> **ABOUT THIS TASK**
Beginning at the line that holds "CAMERA NOT INCLUDED", repeat every line through the last line of the material, exactly, and drop any pictures.

> **SUPPLIED MATERIAL**
════════════════
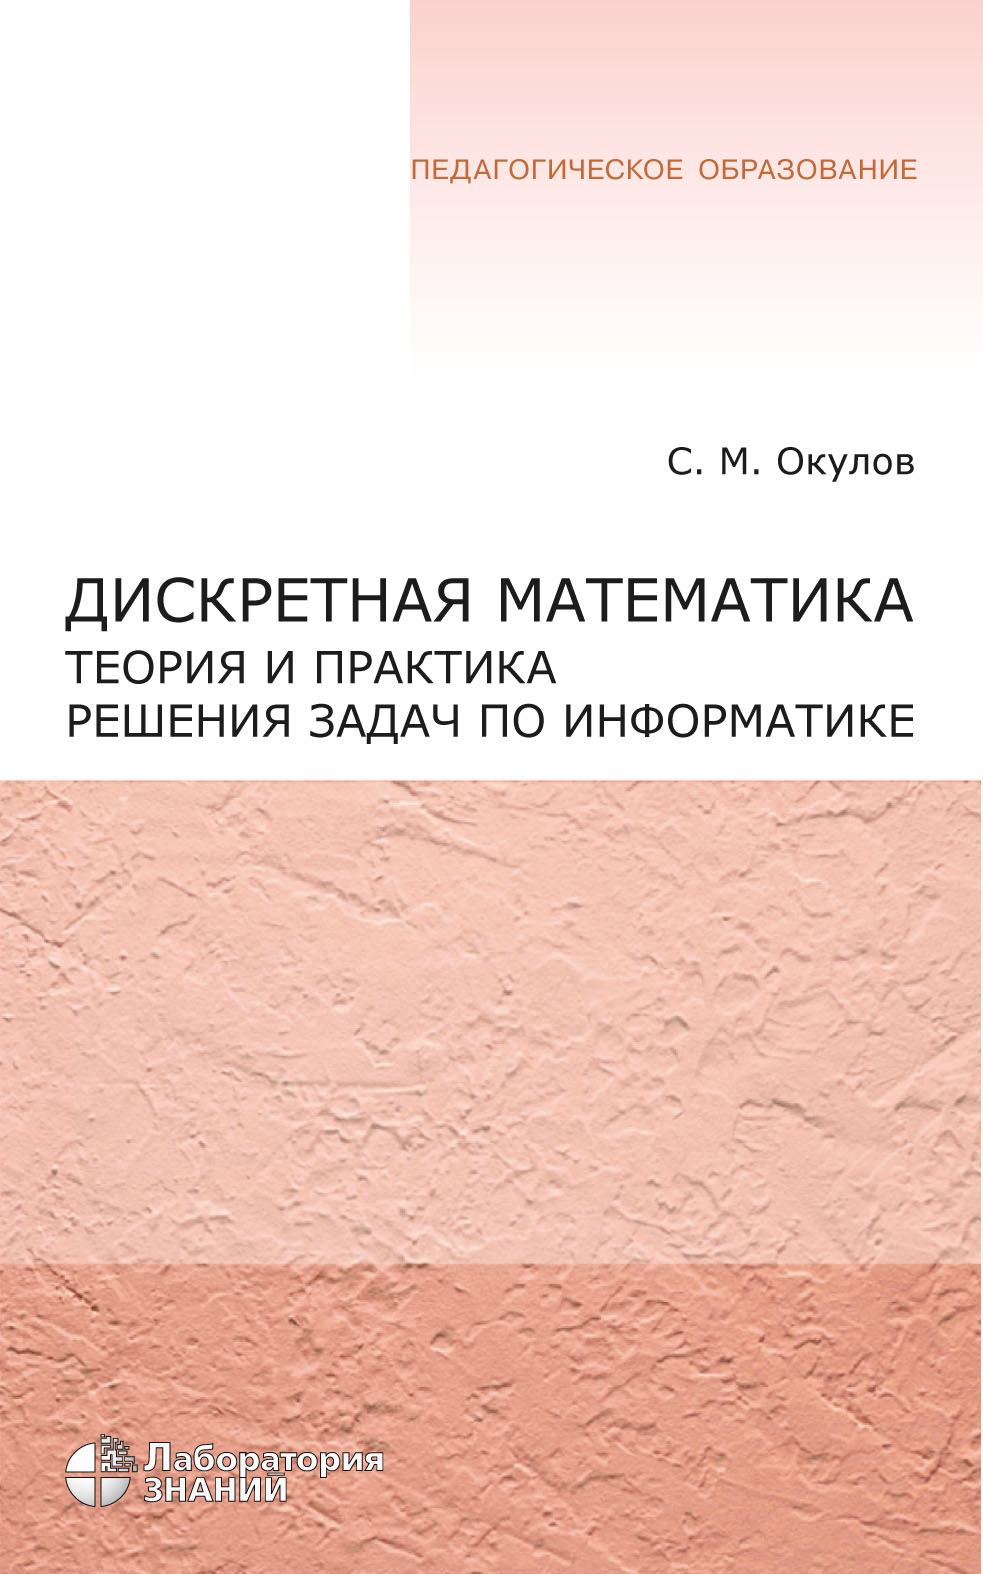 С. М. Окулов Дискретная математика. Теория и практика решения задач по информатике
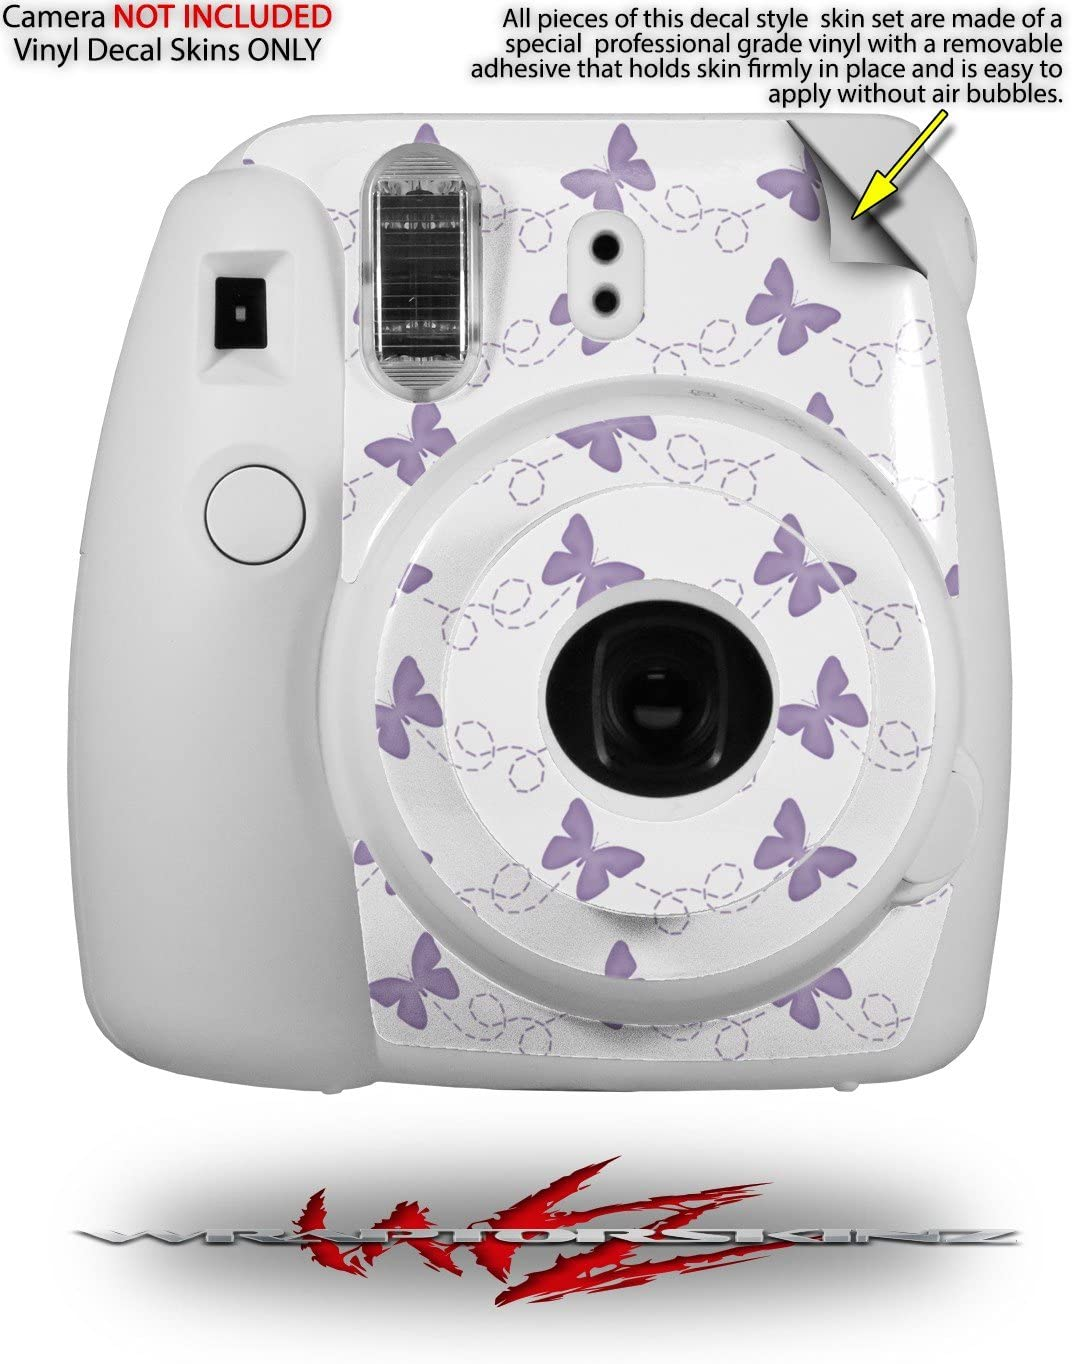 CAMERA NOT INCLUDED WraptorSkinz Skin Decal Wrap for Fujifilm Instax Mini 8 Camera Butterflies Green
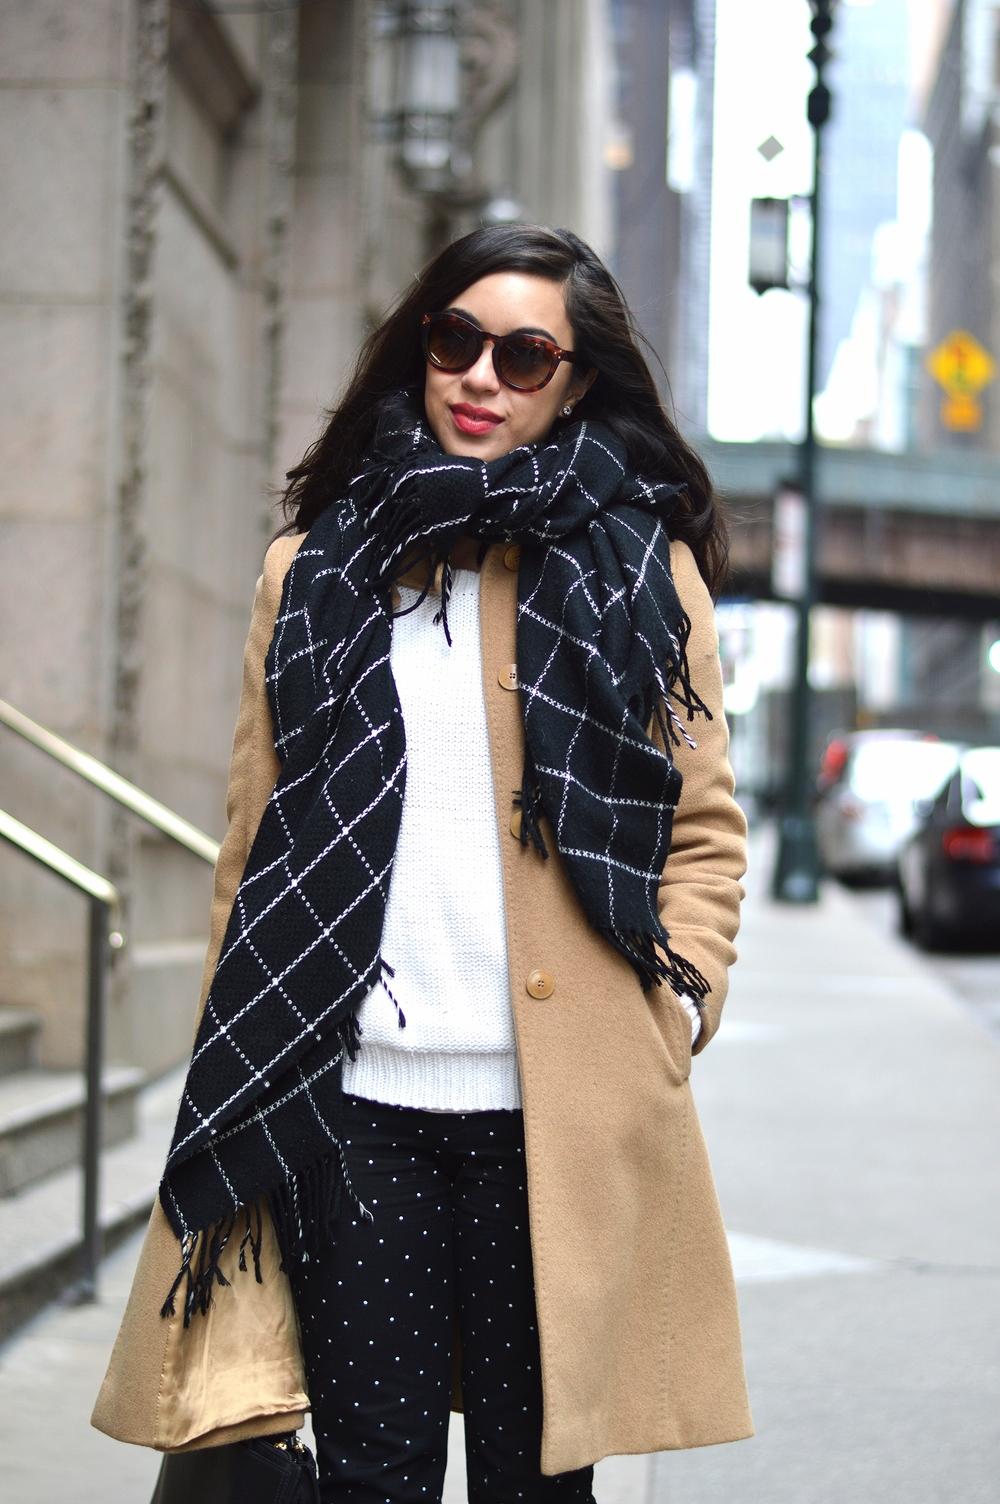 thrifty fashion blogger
════════════════
> **TASK OUTPUT**
 CAMERA NOT INCLUDED WraptorSkinz Skin Decal Wrap for Fujifilm Instax Mini 8 Camera Butterflies Green
 thrifty fashion blogger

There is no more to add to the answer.